Segment Start: Source material

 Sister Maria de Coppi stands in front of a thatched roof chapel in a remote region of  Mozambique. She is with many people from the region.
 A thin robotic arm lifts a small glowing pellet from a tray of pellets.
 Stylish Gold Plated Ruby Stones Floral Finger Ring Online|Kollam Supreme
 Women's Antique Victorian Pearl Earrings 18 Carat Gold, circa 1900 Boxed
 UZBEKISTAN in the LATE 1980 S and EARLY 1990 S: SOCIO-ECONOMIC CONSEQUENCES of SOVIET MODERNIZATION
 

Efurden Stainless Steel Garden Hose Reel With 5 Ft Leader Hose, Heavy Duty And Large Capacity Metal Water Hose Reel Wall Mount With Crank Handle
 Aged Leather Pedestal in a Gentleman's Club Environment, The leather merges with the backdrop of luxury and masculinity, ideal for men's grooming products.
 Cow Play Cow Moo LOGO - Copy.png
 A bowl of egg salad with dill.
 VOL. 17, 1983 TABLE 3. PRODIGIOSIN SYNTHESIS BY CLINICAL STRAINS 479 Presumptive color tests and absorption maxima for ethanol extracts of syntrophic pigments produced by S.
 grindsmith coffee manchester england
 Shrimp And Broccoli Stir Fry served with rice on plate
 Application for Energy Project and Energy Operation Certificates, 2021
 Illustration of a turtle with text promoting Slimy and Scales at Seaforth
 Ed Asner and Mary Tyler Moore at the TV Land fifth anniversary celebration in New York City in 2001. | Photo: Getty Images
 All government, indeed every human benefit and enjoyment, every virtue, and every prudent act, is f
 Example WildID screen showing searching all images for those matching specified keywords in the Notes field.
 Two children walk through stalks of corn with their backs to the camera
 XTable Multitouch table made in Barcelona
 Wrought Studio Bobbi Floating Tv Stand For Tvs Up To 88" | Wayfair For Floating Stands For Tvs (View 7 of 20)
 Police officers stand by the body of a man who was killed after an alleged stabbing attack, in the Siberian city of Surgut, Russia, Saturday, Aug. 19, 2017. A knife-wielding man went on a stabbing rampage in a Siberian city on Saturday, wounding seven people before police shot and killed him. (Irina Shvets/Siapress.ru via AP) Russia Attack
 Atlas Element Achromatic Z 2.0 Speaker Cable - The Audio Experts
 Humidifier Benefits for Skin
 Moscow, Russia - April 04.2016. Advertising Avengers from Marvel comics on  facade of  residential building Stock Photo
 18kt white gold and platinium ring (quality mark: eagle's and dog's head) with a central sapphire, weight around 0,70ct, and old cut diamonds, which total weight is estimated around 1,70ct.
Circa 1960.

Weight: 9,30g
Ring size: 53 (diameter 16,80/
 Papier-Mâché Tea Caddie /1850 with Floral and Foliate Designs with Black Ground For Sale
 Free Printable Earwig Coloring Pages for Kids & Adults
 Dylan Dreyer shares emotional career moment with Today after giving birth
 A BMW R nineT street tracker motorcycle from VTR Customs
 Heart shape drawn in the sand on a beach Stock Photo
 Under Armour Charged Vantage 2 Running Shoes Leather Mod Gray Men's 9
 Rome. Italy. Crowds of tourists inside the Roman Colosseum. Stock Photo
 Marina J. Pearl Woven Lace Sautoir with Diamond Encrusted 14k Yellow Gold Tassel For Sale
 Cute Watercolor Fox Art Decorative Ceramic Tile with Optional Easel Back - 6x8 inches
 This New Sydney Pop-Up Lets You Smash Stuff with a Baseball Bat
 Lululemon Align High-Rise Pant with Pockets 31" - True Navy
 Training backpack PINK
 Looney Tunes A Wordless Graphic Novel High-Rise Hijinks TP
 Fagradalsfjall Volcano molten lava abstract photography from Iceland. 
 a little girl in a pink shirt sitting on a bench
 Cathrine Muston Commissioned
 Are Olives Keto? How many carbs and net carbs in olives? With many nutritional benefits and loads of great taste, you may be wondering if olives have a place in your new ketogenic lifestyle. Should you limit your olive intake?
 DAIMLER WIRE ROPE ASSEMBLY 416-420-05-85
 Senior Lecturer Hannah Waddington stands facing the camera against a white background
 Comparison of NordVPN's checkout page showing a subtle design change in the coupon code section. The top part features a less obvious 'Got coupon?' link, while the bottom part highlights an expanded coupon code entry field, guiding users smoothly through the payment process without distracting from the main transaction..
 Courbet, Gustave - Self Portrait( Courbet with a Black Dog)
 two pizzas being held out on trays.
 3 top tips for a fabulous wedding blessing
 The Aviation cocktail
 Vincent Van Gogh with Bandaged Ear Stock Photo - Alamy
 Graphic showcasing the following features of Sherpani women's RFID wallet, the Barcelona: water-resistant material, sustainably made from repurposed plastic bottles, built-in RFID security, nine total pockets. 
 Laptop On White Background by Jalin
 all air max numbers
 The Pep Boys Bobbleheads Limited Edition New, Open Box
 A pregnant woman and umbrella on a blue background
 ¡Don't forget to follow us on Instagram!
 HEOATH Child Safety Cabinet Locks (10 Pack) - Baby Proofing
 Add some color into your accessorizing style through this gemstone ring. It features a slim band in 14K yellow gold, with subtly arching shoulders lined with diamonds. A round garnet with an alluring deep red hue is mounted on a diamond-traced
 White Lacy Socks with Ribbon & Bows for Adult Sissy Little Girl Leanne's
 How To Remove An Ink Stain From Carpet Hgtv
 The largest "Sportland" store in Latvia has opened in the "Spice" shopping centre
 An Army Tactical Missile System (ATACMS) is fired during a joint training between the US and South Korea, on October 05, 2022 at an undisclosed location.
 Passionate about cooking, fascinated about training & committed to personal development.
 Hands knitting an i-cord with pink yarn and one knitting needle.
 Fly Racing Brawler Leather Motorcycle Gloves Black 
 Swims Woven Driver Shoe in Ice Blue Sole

Segment End: Source material

▶ _Directions_
A word-for-word copy of the lines above from the one with "Looney Tunes A" through the one with "Senior Lecturer Hannah", inclusive, is the only output wanted.

▶ _Result below_
 Looney Tunes A Wordless Graphic Novel High-Rise Hijinks TP
 Fagradalsfjall Volcano molten lava abstract photography from Iceland. 
 a little girl in a pink shirt sitting on a bench
 Cathrine Muston Commissioned
 Are Olives Keto? How many carbs and net carbs in olives? With many nutritional benefits and loads of great taste, you may be wondering if olives have a place in your new ketogenic lifestyle. Should you limit your olive intake?
 DAIMLER WIRE ROPE ASSEMBLY 416-420-05-85
 Senior Lecturer Hannah Waddington stands facing the camera against a white background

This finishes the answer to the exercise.